§ **WHAT TO PRODUCE**
Copy all the data exactly, except the pictures.

§ **DATASET EXCERPT**
*** Begin section ***
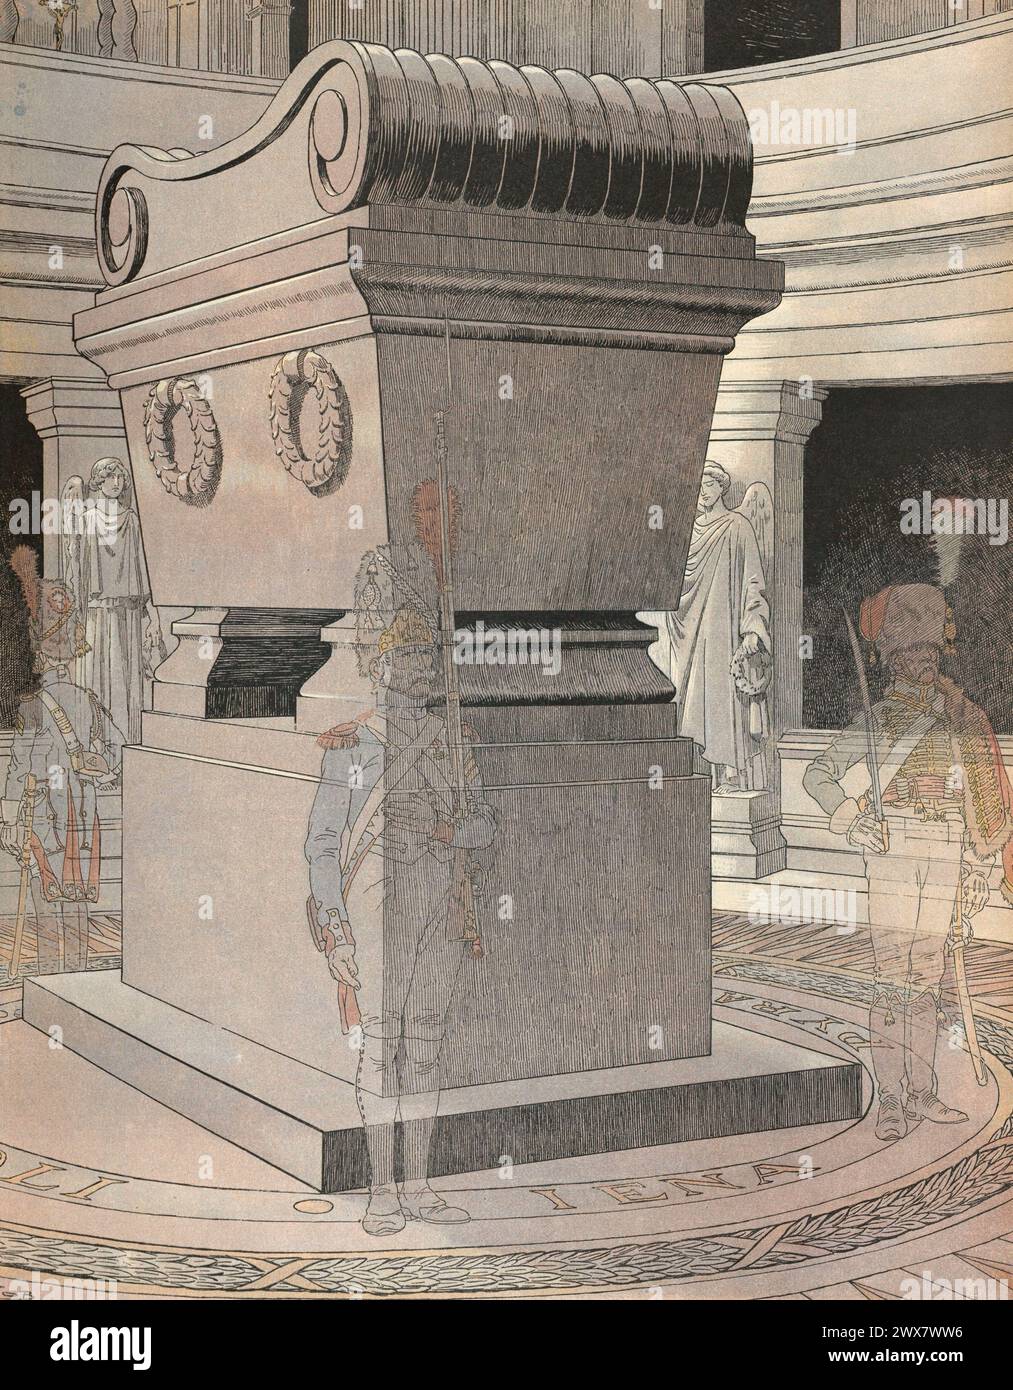 Das Grab von Kaiser Napoleon I. in Les Invalides in Paris, 15. Dezember 1840. Illustration von Job aus dem Buch „Napoléon“ von Georges Montorgueil, veröffentlicht 1921 bei Boivin (Paris). Stockfoto
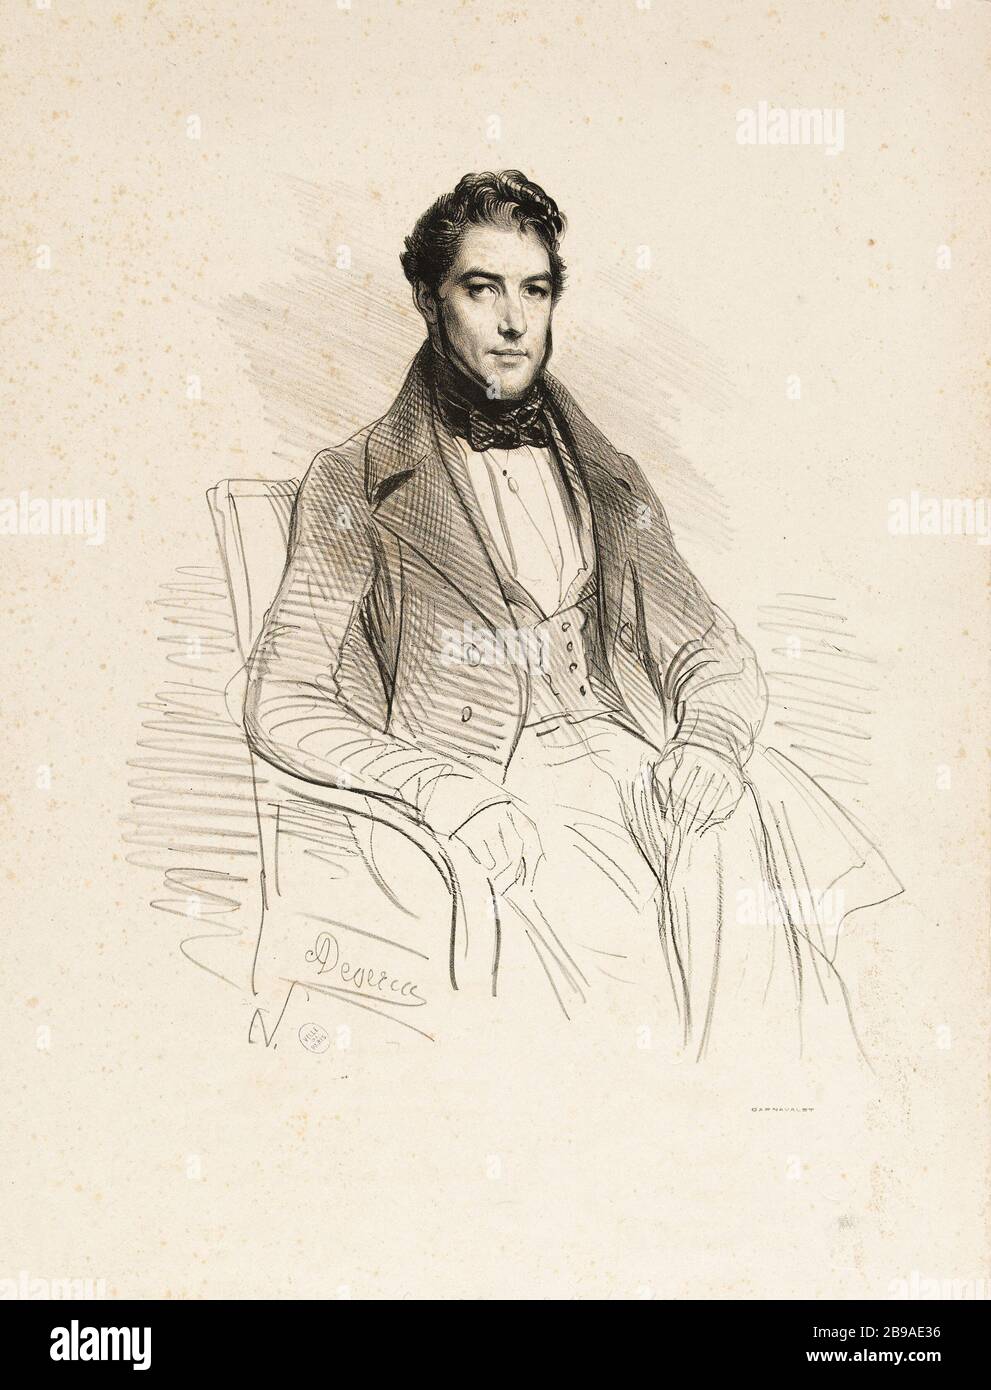 Porträt von Goupil, Prints Editor. Achille Devéria (1800-1857). Portrait de Goupil, éditeur d'estampes. Lithographie, 1831. Paris, musée Carnavalet. Stockfoto
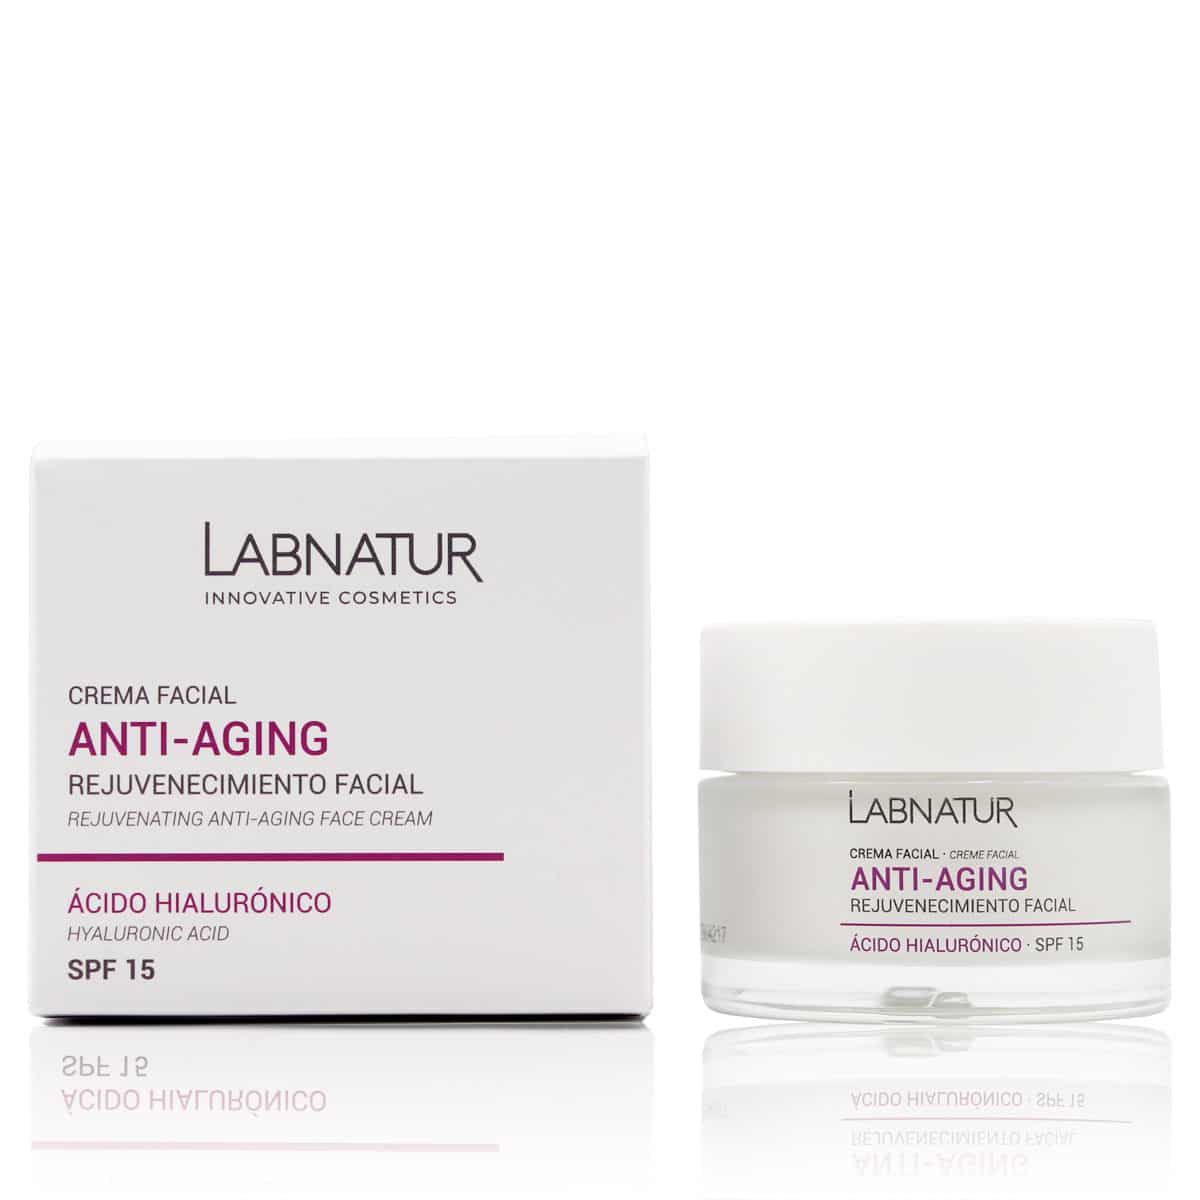 Comprar Crema Facial Anti-Aging Labnatur
*** End section ***
§ **RESULT OF THE TASK**
 Das Grab von Kaiser Napoleon I. in Les Invalides in Paris, 15. Dezember 1840. Illustration von Job aus dem Buch „Napoléon“ von Georges Montorgueil, veröffentlicht 1921 bei Boivin (Paris). Stockfoto
 Porträt von Goupil, Prints Editor. Achille Devéria (1800-1857). Portrait de Goupil, éditeur d'estampes. Lithographie, 1831. Paris, musée Carnavalet. Stockfoto
 Comprar Crema Facial Anti-Aging Labnatur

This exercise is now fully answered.